- What you are asked to do -
When you reach the line with "premium selection 2a8c4" in the records below, begin transcribing exactly and continue up to and including the line with "Lampade e lampadari", leaving out every picture.

═══ Information ═══

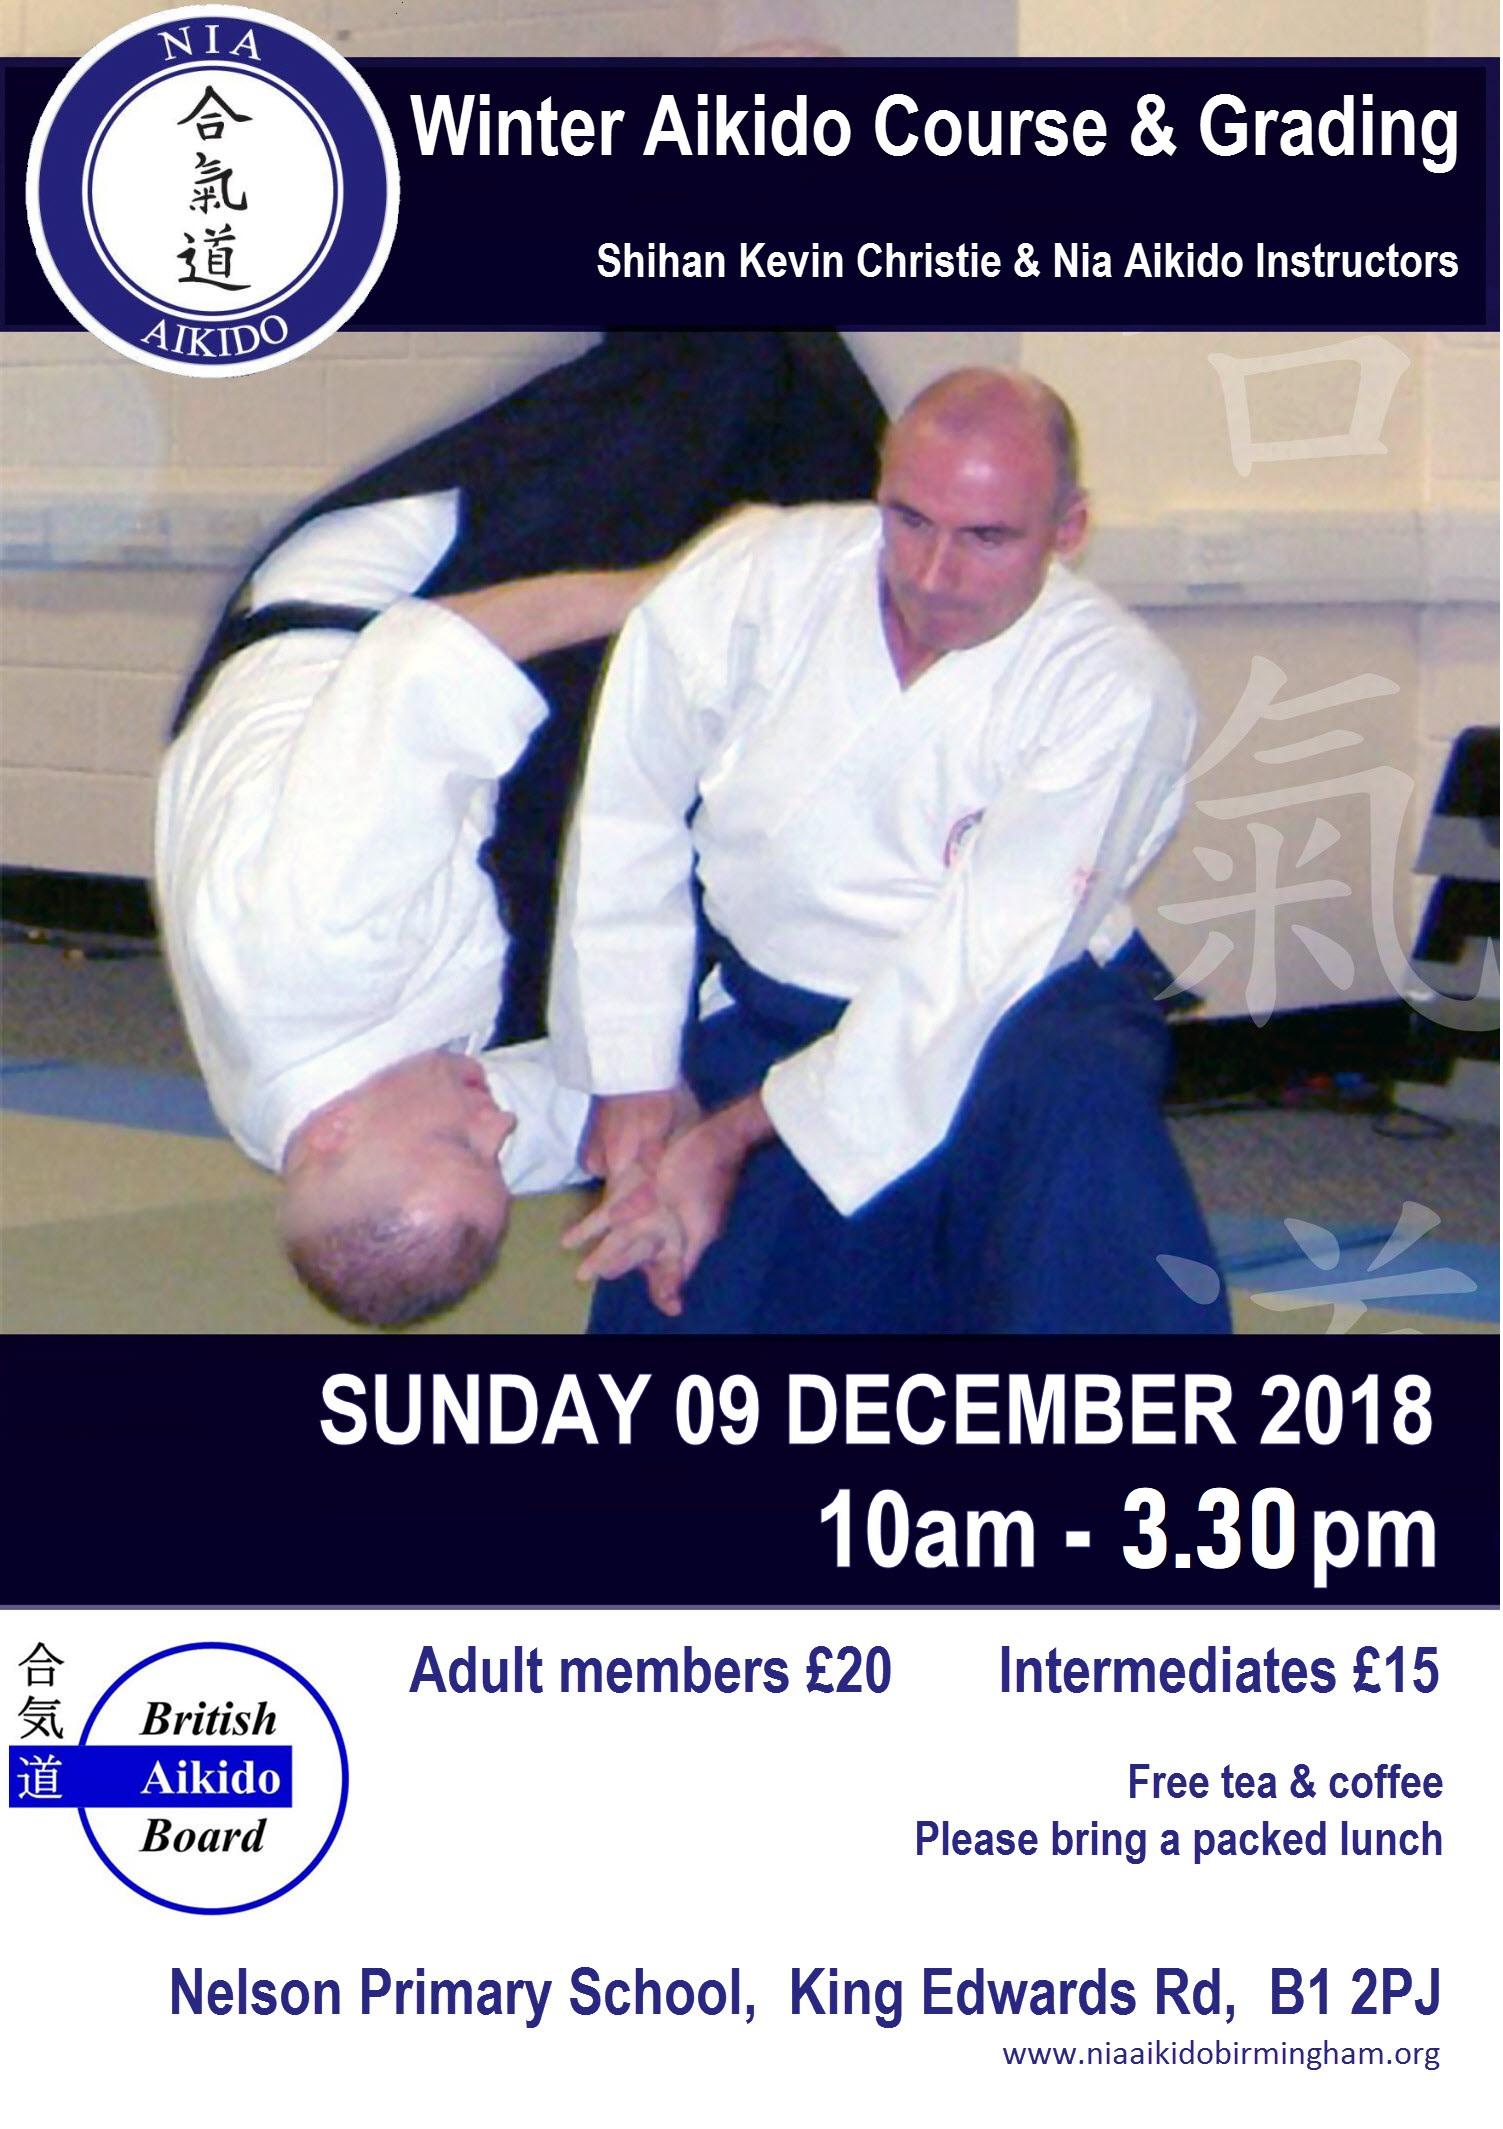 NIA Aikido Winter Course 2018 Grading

═══
═══ Information ═══

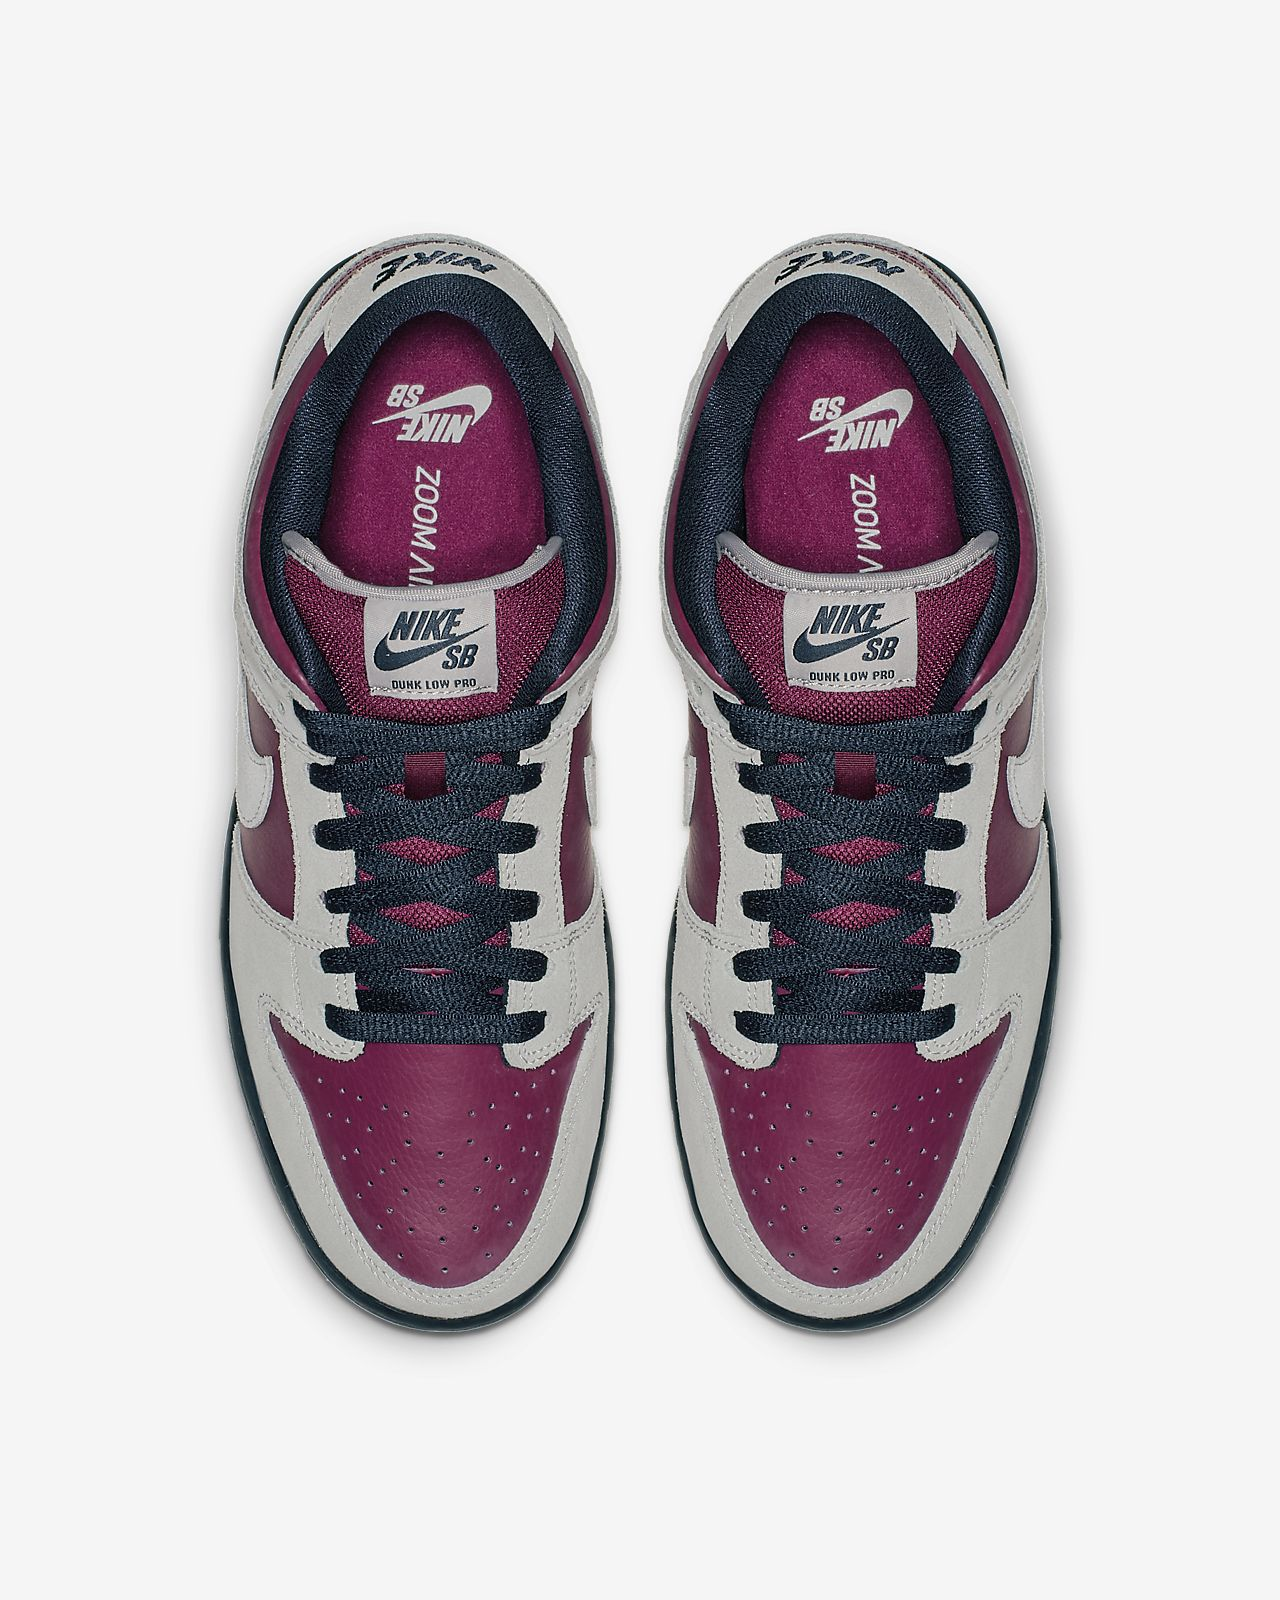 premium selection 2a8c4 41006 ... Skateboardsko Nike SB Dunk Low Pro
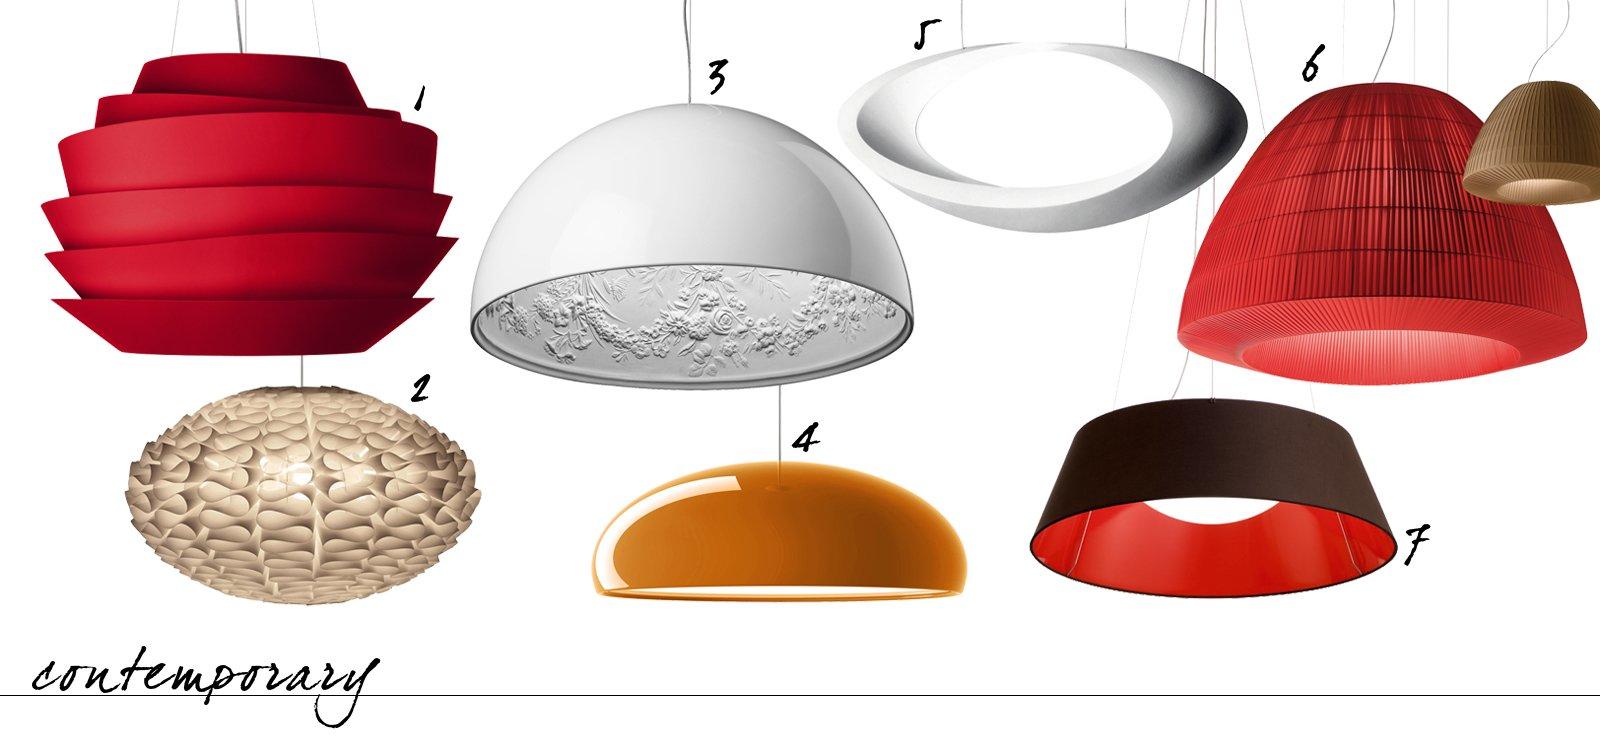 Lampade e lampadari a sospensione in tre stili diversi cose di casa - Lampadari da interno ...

═══

- Exercise solution -
 premium selection 2a8c4 41006 ... Skateboardsko Nike SB Dunk Low Pro
 Lampade e lampadari a sospensione in tre stili diversi cose di casa - Lampadari da interno ...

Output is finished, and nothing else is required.